A negociação também é limitada. Os reguladores exigem que apenas 7,5% de uma listagem esteja disponível ao público para negociação. Este pequeno “free float” pode tornar as ações voláteis e pouco atraentes para os investidores. Singapura, por outro lado, exige 10%; Índia, 25% dentro de três anos após listagem; Hong Kong, 25% para empresas mais pequenas e 15% para aquelas cujos valores de mercado são inferiores a US$ 10 mil milhões de Hong Kong (1,3 mil milhões de dólares). “A Indonésia tende a ser muito menos líquida do que alguns outros mercados”, afirma Khaitan, do Bank of America.
Alguns banqueiros observam que a actividade de angariação de fundos poderá abrandar à medida que a Indonésia se prepara para as eleições gerais em Fevereiro. Embora os intervenientes locais e estrangeiros esperem que as políticas favoráveis ao mercado continuem em vigor, algumas empresas já suspenderam os seus planos de IPO. Eles incluem a PT Pertamina Hulu Energi, uma unidade da empresa estatal de energia Pertamina que se esperava que fosse um dos maiores IPOs da Indonésia este ano. A listagem de uma participação de 10% foi projetada para arrecadar pelo menos US$ 2,5 bilhões.
Da mesma forma, a empresa agrícola PalmCo adiou uma oferta para o segundo trimestre do próximo ano para dar à sua empresa-mãe mais tempo para finalizar a integração de quatro subsidiárias. A empresa planejou inicialmente arrecadar até US$ 666 milhões até o final do ano. “Teríamos de esperar pelo menos até ao primeiro trimestre de 2024, se não até ao segundo trimestre, para ver o pipeline a recuperar novamente”, afirma Anthonius Sehonamin, diretor-gerente e chefe do banco empresarial integrado do Citi Indonesia.
Globalmente, há sinais que sugerem que as vendas de acções da Indonésia estão a ganhar aceitação fora do país. Eles estão atraindo o interesse da Masdar, a principal empresa de energias renováveis dos Emirados Árabes Unidos, de fundos soberanos regionais e de investidores internacionais.

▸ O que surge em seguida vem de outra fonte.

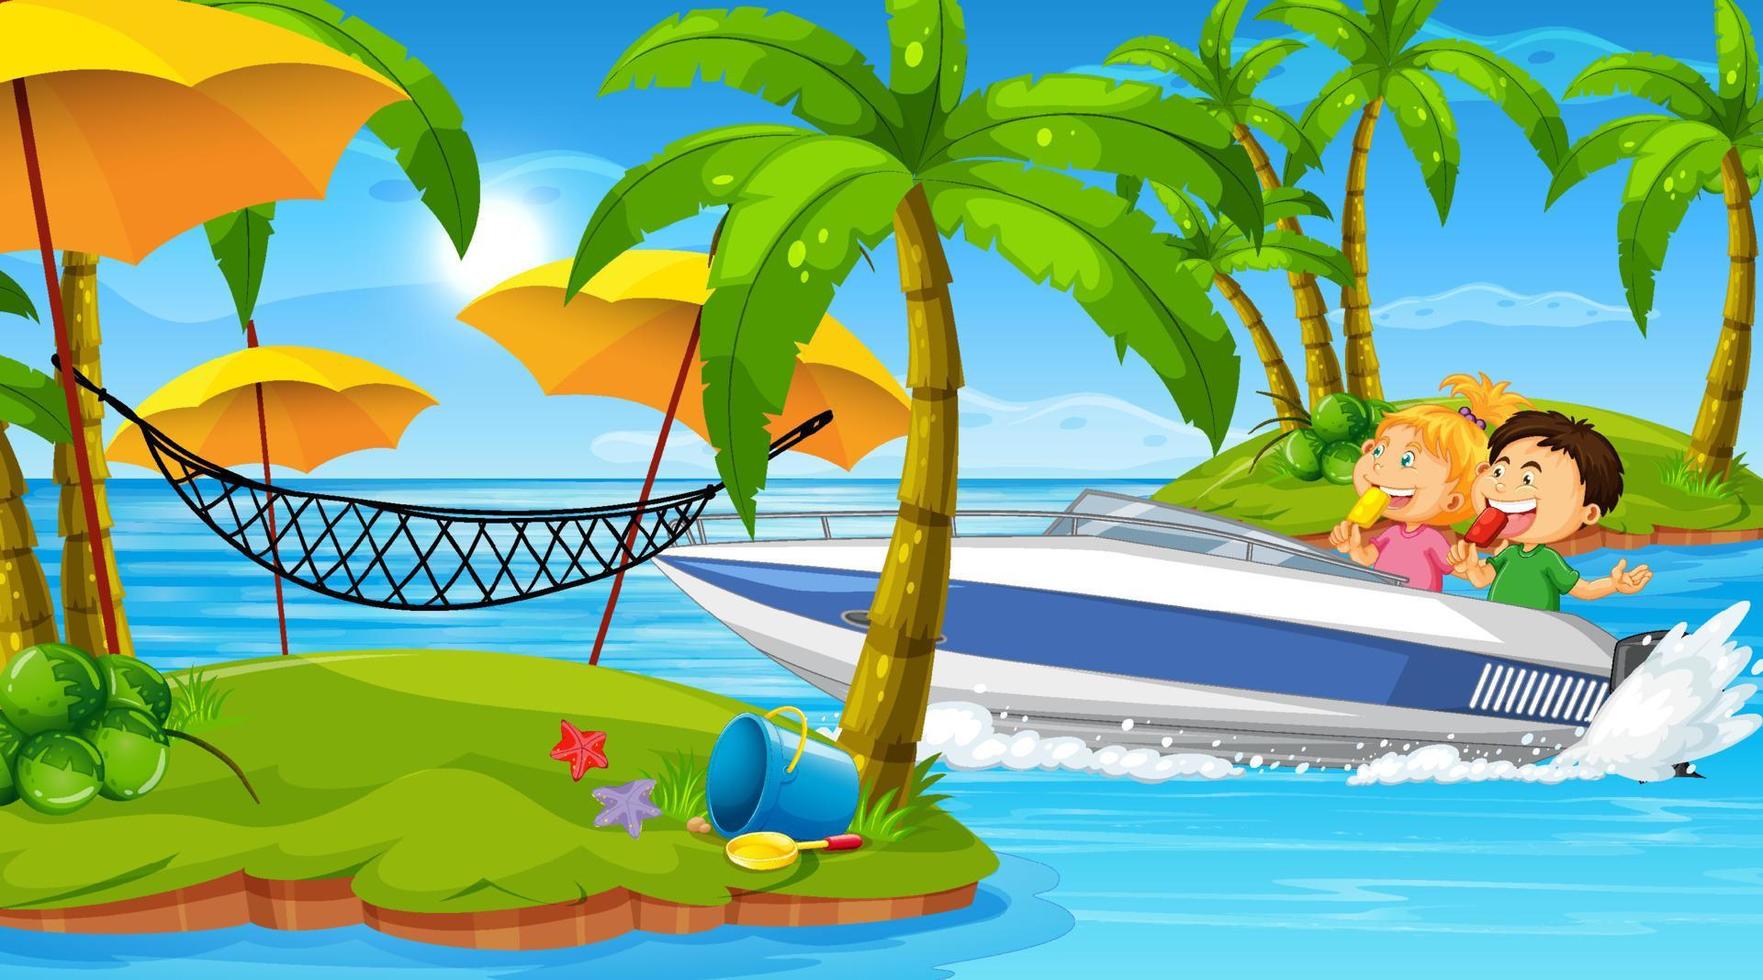 Ocean scenery with happy children on speedboat 5098323 Vector Art ...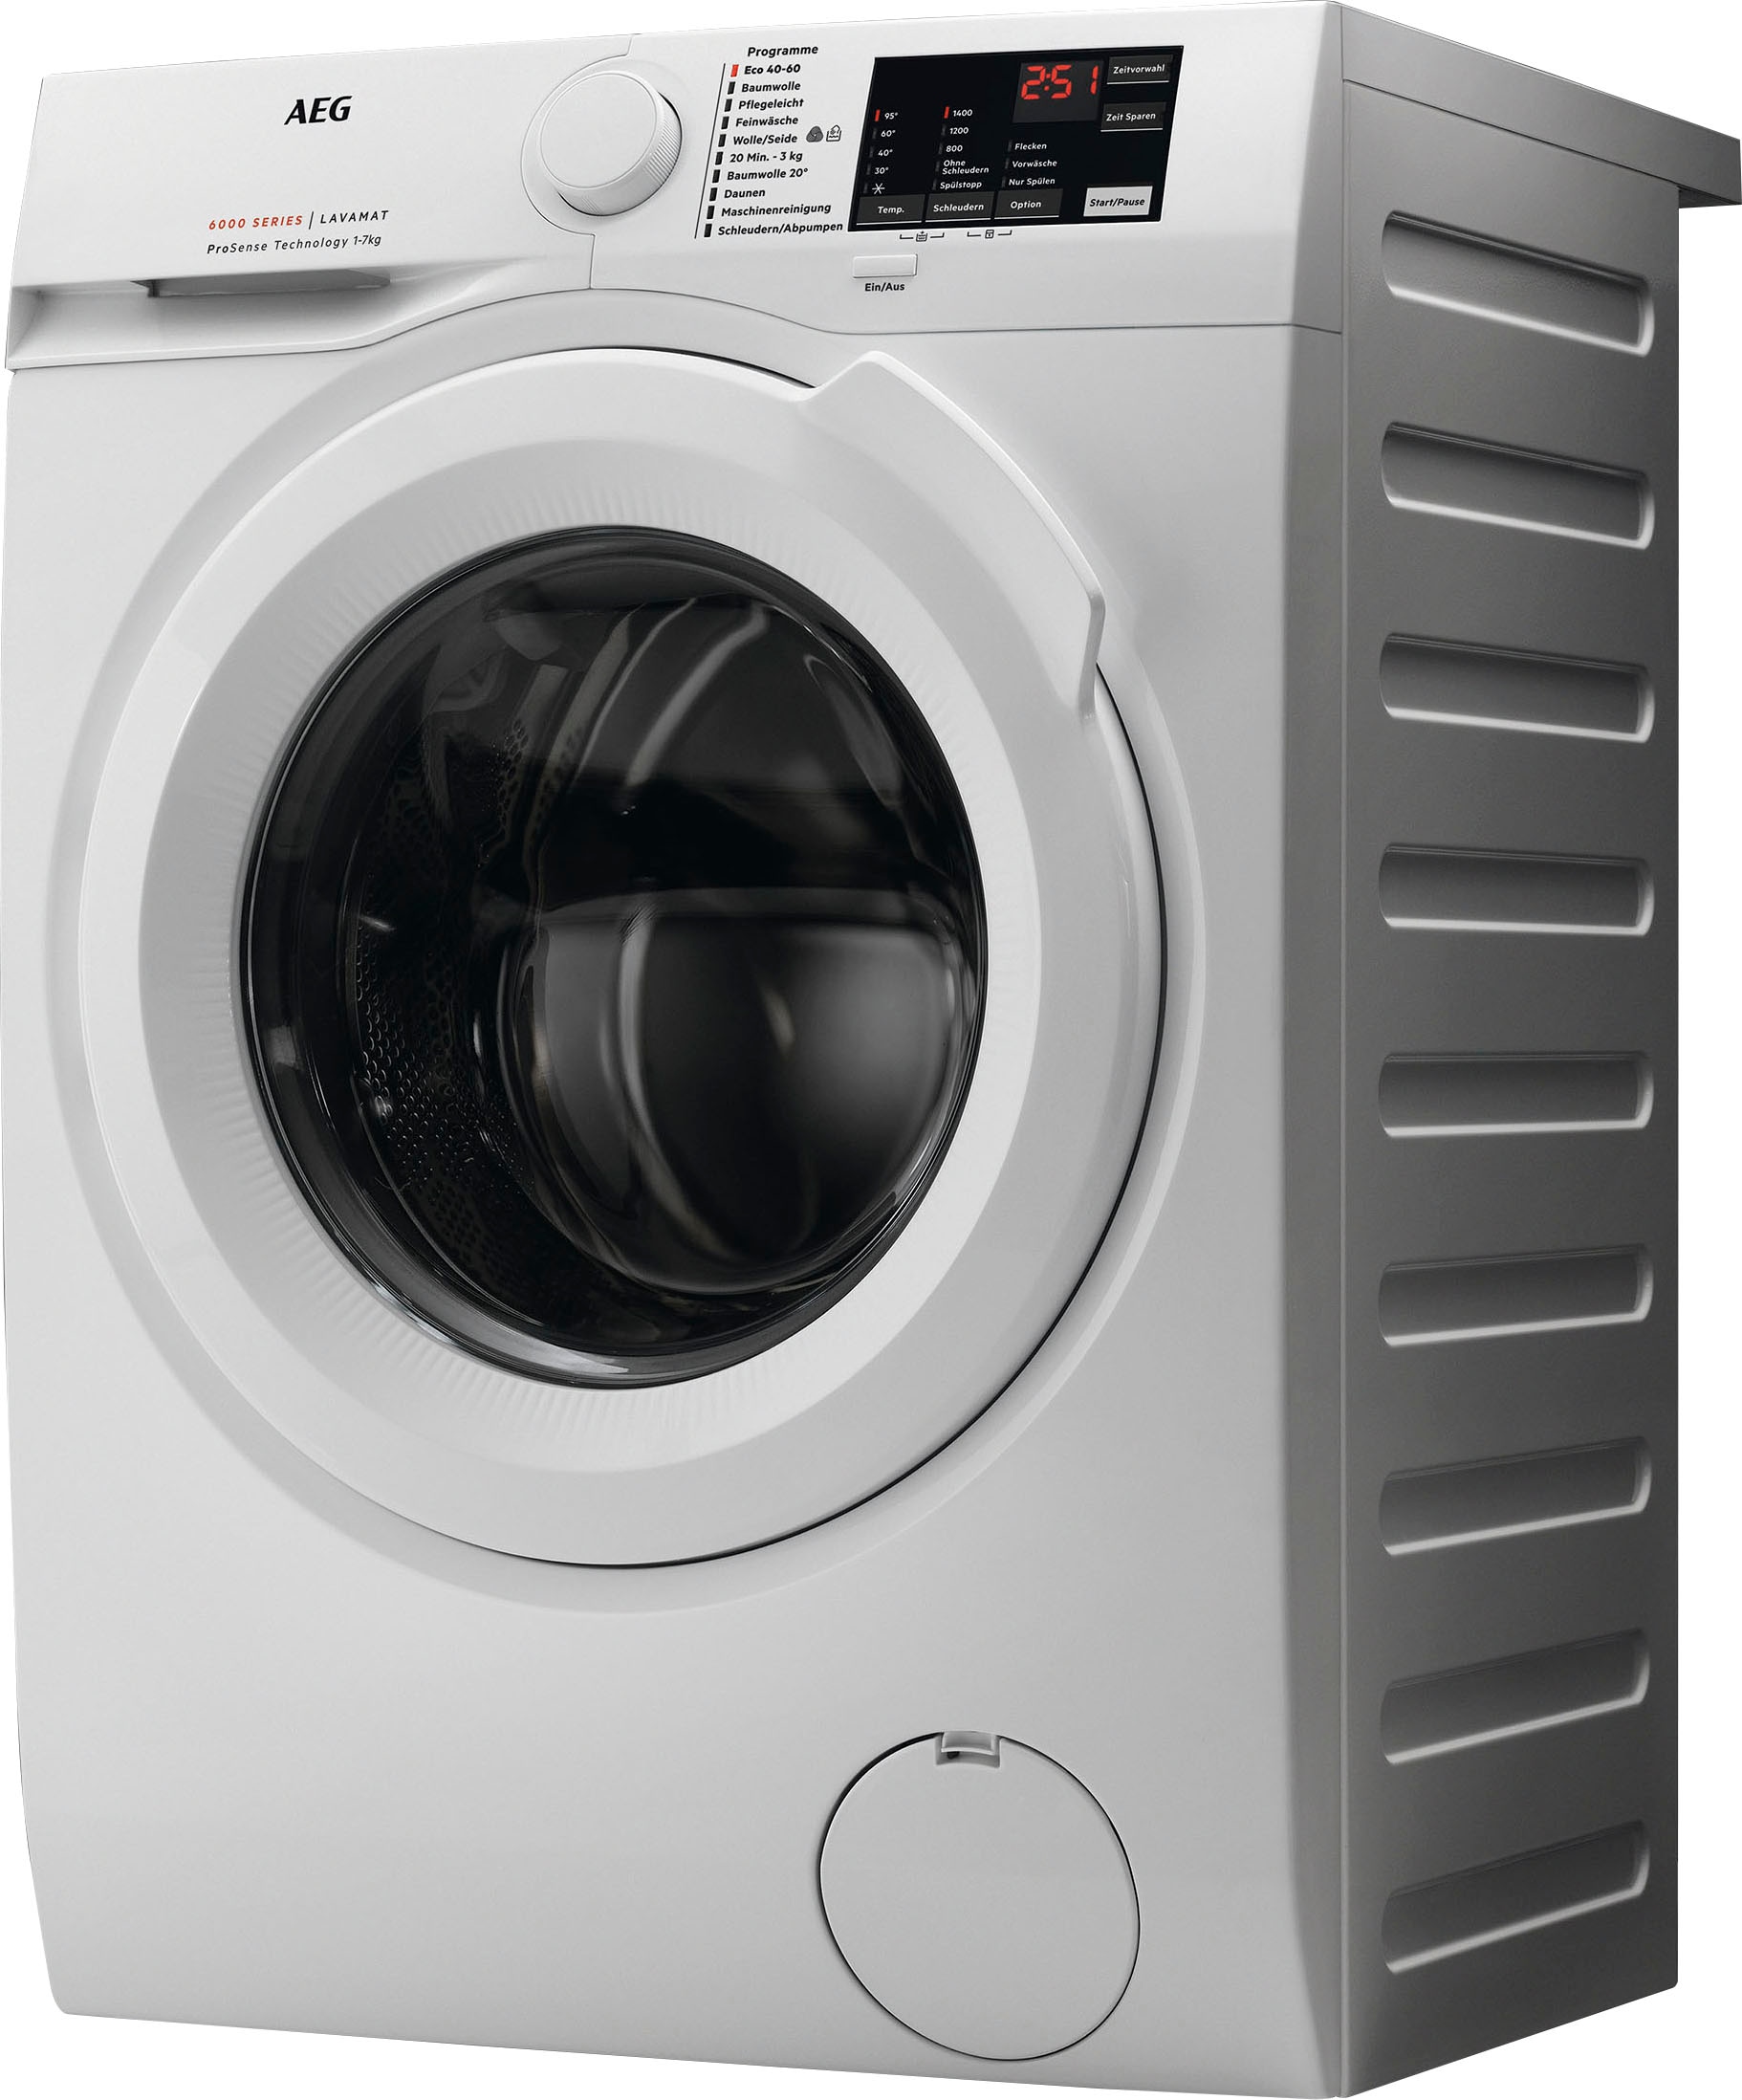 AEG Waschmaschine, L6FBA50490, 9 kg, 1400 U/min, Hygiene-/ Anti-Allergie Programm mit Dampf

“Não consigo pensar em melhor momento para ser um banqueiro de investimento na Indonésia”, diz Ranju Parambi, chefe de serviços bancários globais para a Indonésia no Grupo UBS, o gestor principal conjunto em quatro negócios que levantaram um total de cerca de US$ 2 bilhões neste ano. ano. “A trajetória é muito clara. Está para cima.”